Currently, numerous advanced trackers improve stability by optimizing the target visual appearance models or by improving interactions between templates and search areas. Despite these advancements, appearance-based trackers still primarily depend on the visual information of targets without adequately integrating spatio-temporal context information, thus limiting their effectiveness in handling similar objects around the target. To address this challenge, a novel object tracking method, TSCTrack, which leverages spatio-temporal context information, has been introduced. TSCTrack overcomes the shortcomings of traditional center-cropping preprocessing techniques by introducing Global Spatial Position Embedding, effectively preserving spatial information and capturing motion data of targets. Additionally, TSCTrack incorporates a Spatial Relationship Aggregation module and a Temporal Relationship Aggregation module—the former captures static spatial context information per frame, while the latter integrates dynamic temporal context information. This sophisticated integration allows the Dynamic Tracking Prediction module to generate precise target coordinates effectively, greatly reducing the impact of target deformations and scale changes on tracking performance. Demonstrated across multiple public tracking datasets including LaSOT, TrackingNet, UAV123, GOT-10k, and OTB, TSCTrack showcases superior performance and validates its exceptional tracking capabilities in diverse scenarios.

查看原文本刊更多论文

基于时空上下文信息的目标跟踪

目前，许多先进的跟踪器通过优化目标视觉外观模型或通过改进模板和搜索区域之间的交互来提高稳定性。尽管有这些进步，但基于外观的跟踪器仍然主要依赖于目标的视觉信息，而没有充分整合时空上下文信息，从而限制了它们在处理目标周围类似物体时的有效性。为了解决这一挑战，引入了一种新的目标跟踪方法，即利用时空上下文信息的TSCTrack。TSCTrack通过引入全局空间位置嵌入，克服了传统中心裁剪预处理技术的不足，有效地保留了目标的空间信息并捕获了目标的运动数据。此外，TSCTrack还集成了一个空间关系聚合模块和一个时间关系聚合模块——前者捕获每帧静态空间上下文信息，而后者集成动态时间上下文信息。这种复杂的集成允许动态跟踪预测模块有效地生成精确的目标坐标，大大减少目标变形和尺度变化对跟踪性能的影响。通过多个公共跟踪数据集（包括LaSOT、TrackingNet、UAV123、GOT-10k和OTB）的演示，TSCTrack展示了卓越的性能，并在不同场景中验证了其卓越的跟踪能力。
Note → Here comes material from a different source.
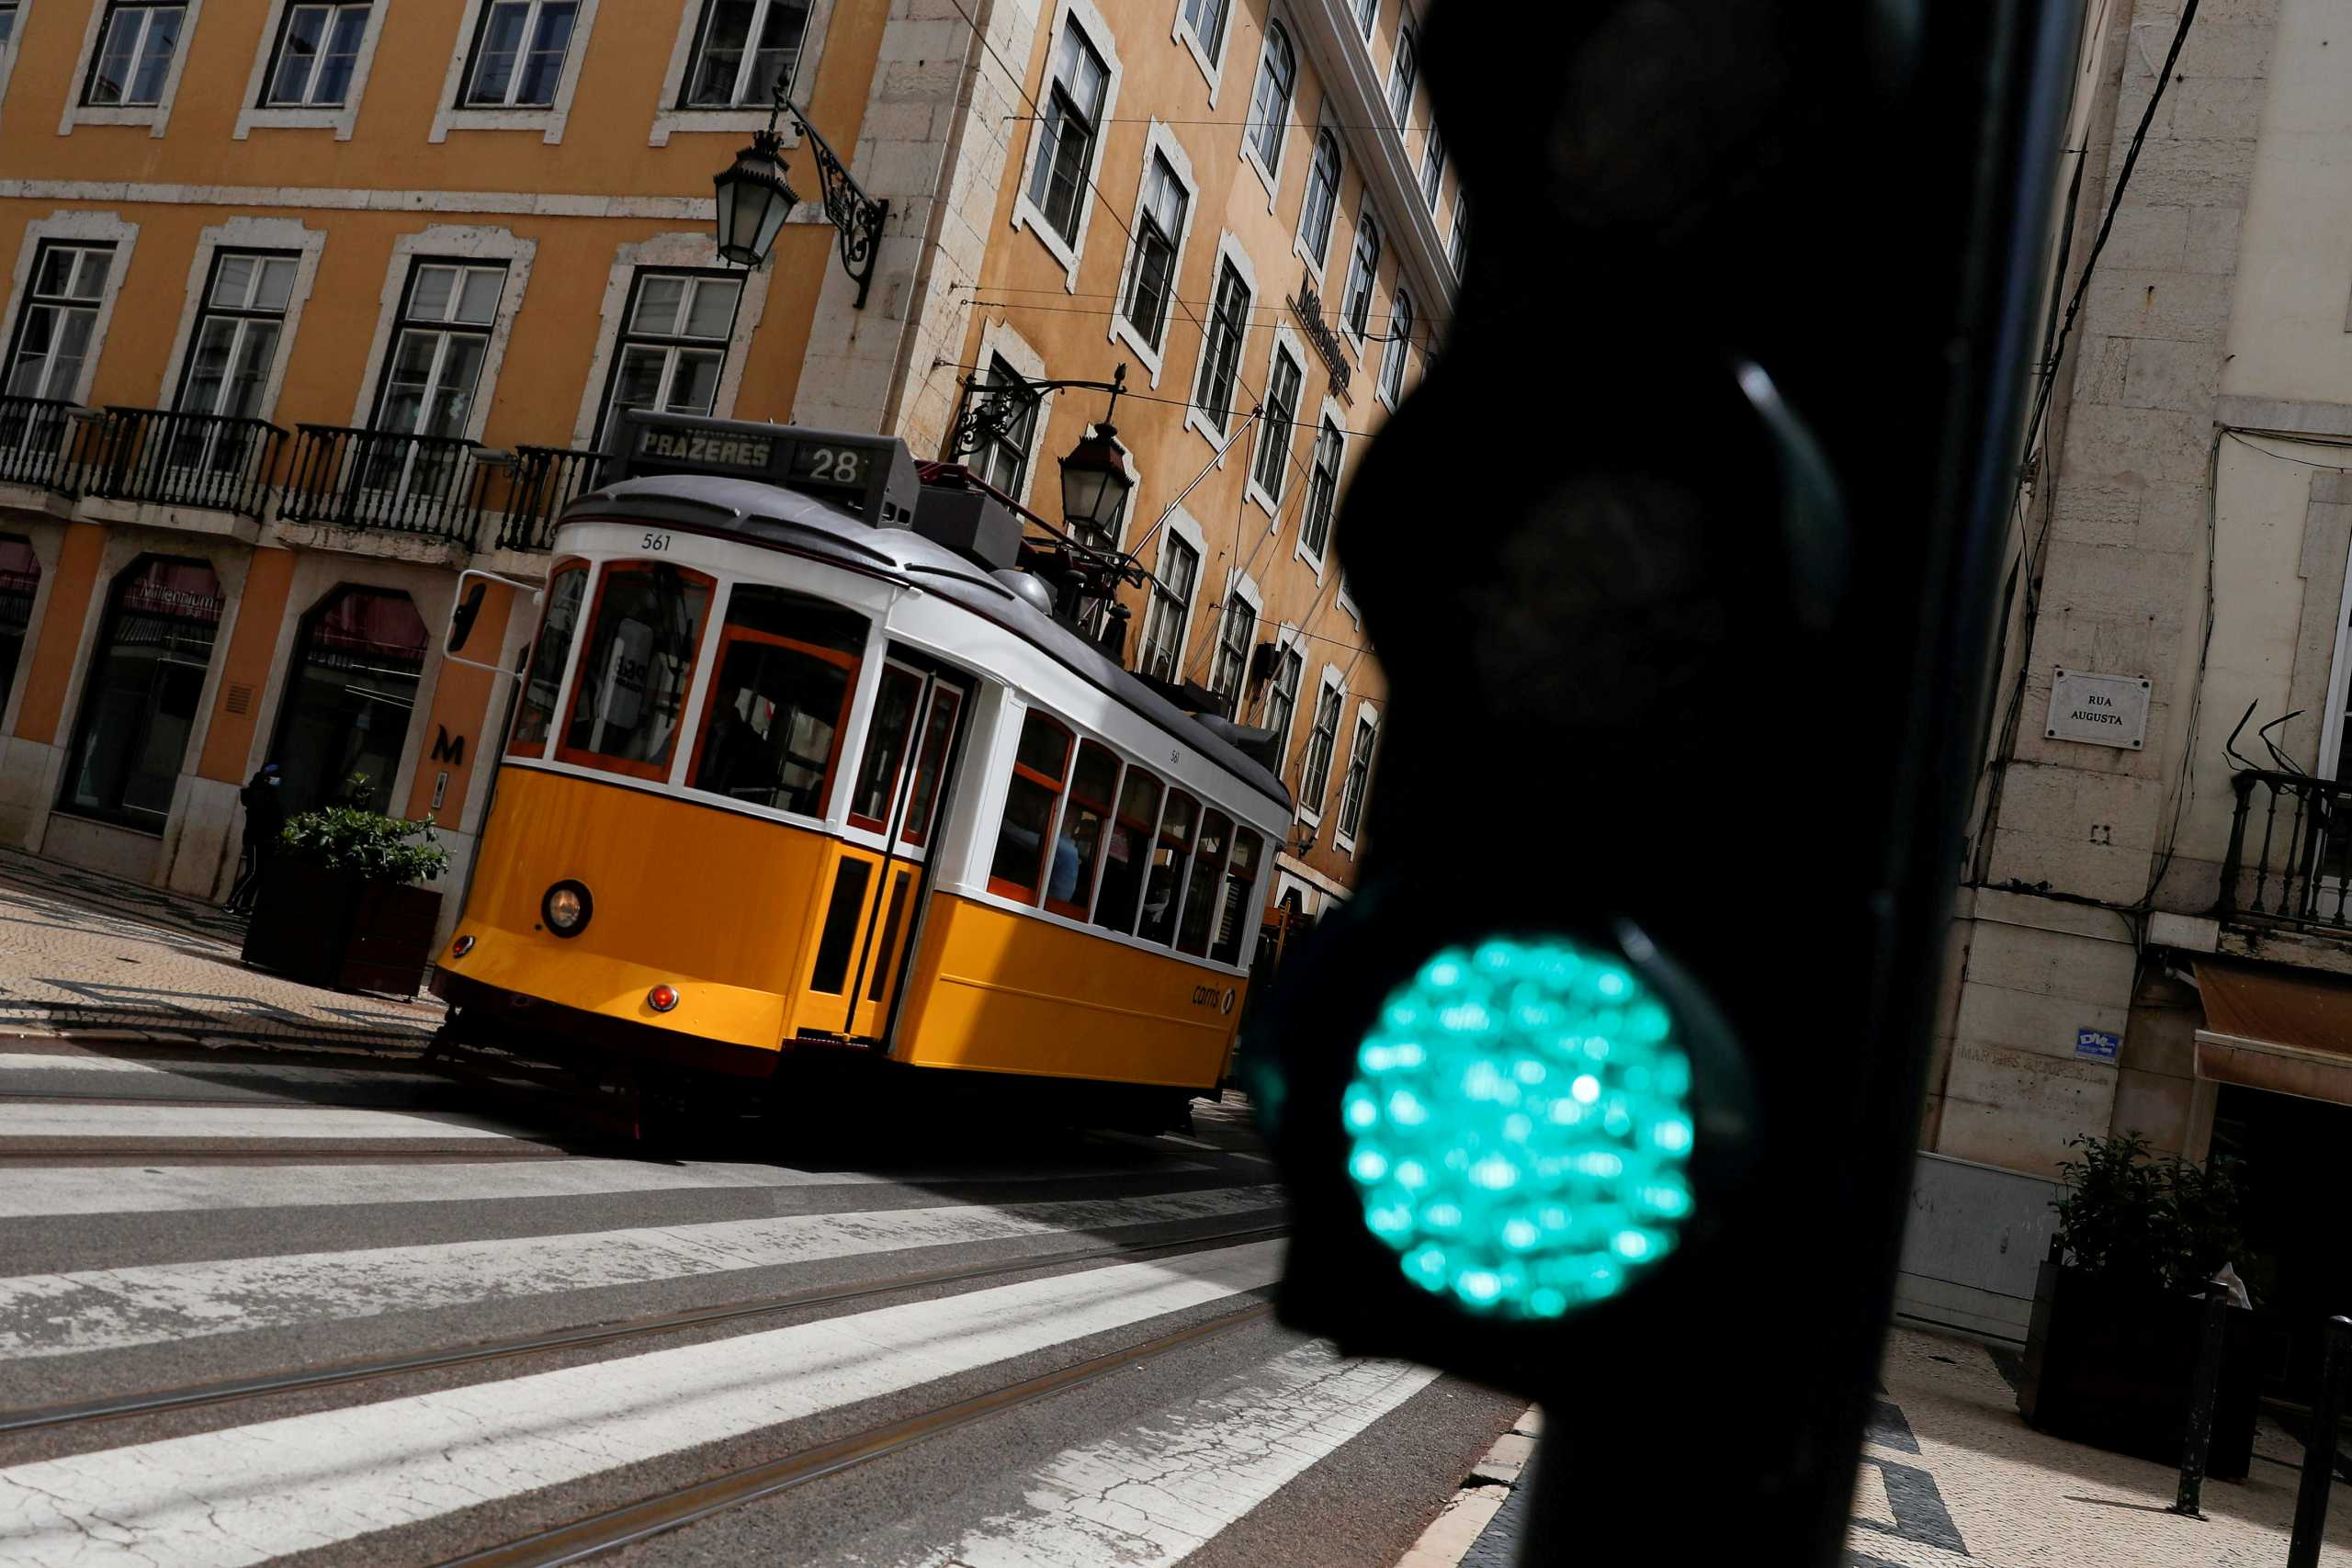 Πορτογαλία: Νέοι περιορισμοί μετά από την αύξηση των κρουσμάτων κορονοϊού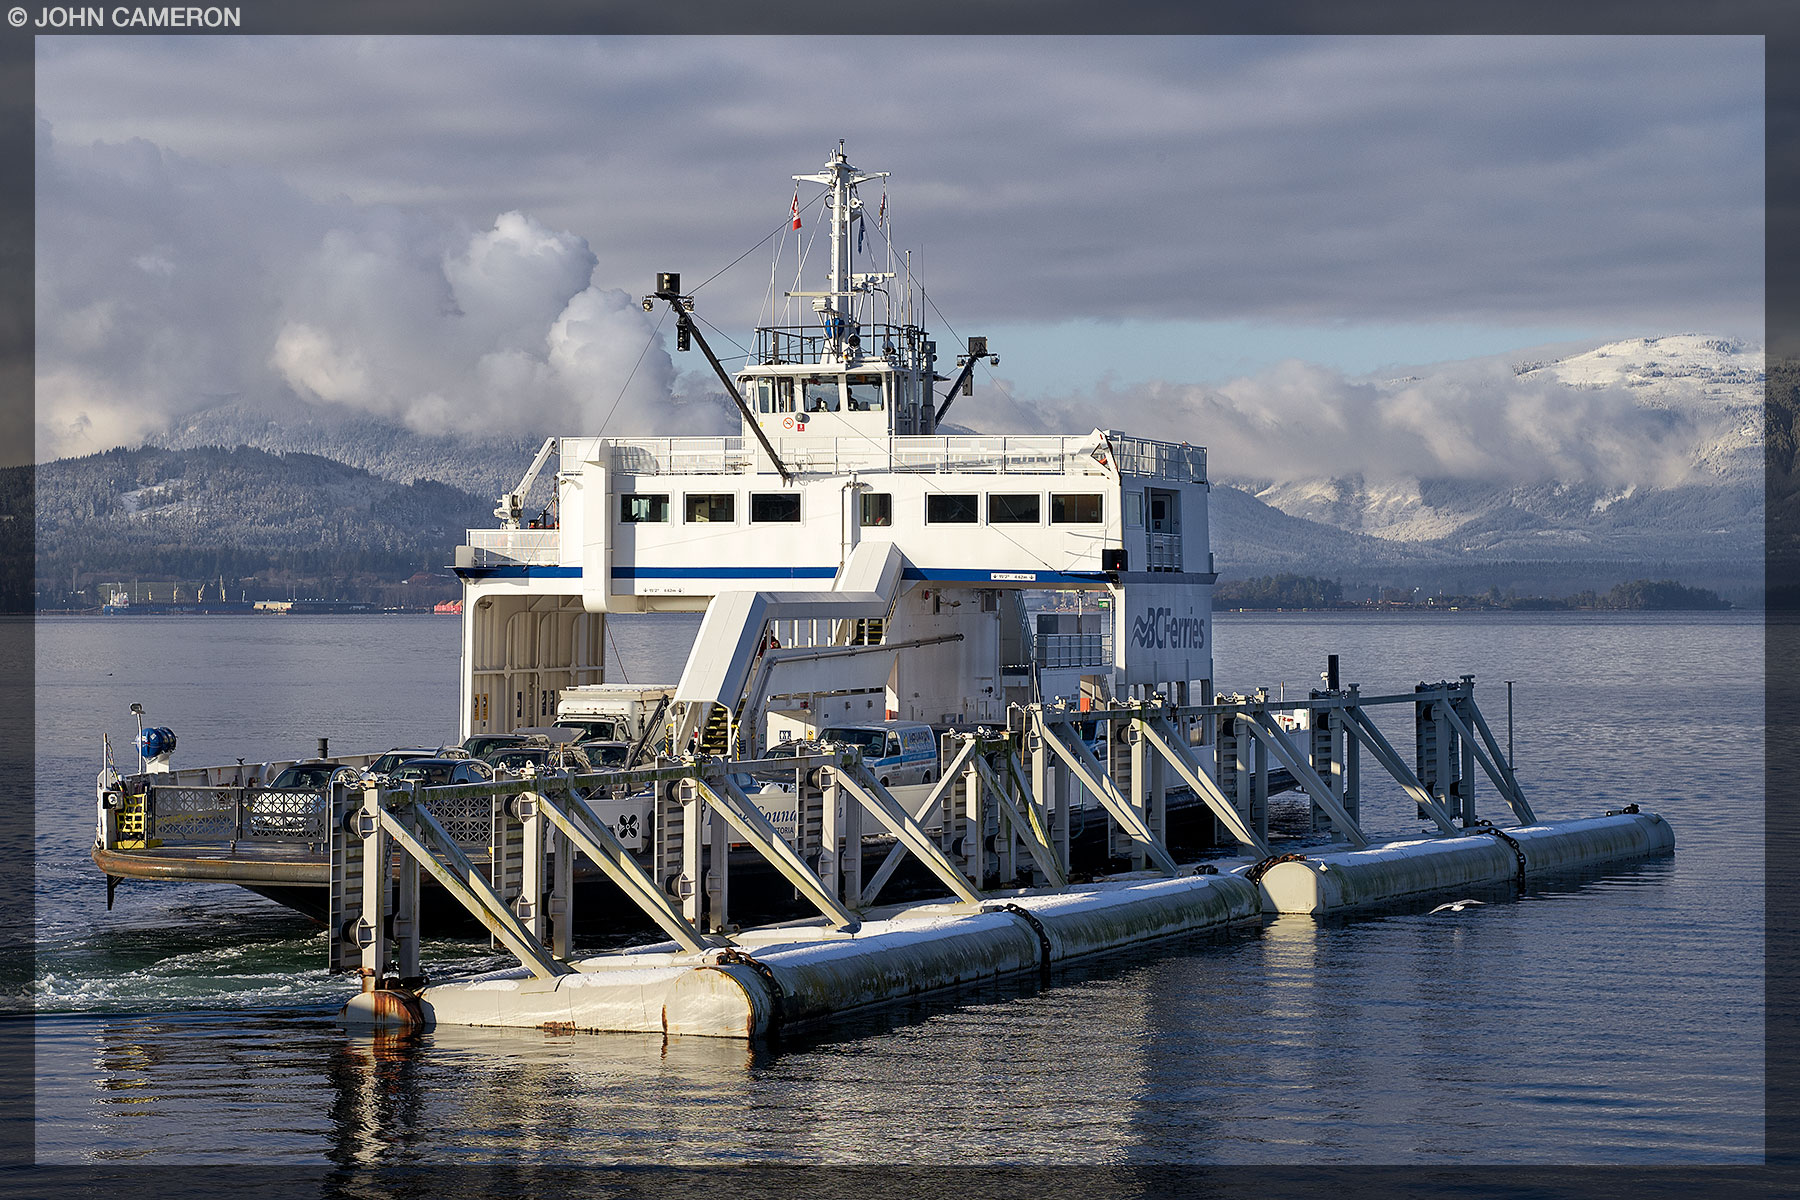 Howe Sound Queen approaching Vesuvius Dock

本文章由计算机程序翻译，如有差异，请以英文原文为准。

求助全文

约1分钟内获得全文求助全文

来源期刊

Image and Vision Computing 工程技术-工程：电子与电气

CiteScore

8.50

自引率

8.50%

发文量

143

审稿时长

7.8 months

期刊介绍： Image and Vision Computing has as a primary aim the provision of an effective medium of interchange for the results of high quality theoretical and applied research fundamental to all aspects of image interpretation and computer vision. The journal publishes work that proposes new image interpretation and computer vision methodology or addresses the application of such methods to real world scenes. It seeks to strengthen a deeper understanding in the discipline by encouraging the quantitative comparison and performance evaluation of the proposed methodology. The coverage includes: image interpretation, scene modelling, object recognition and tracking, shape analysis, monitoring and surveillance, active vision and robotic systems, SLAM, biologically-inspired computer vision, motion analysis, stereo vision, document image understanding, character and handwritten text recognition, face and gesture recognition, biometrics, vision-based human-computer interaction, human activity and behavior understanding, data fusion from multiple sensor inputs, image databases.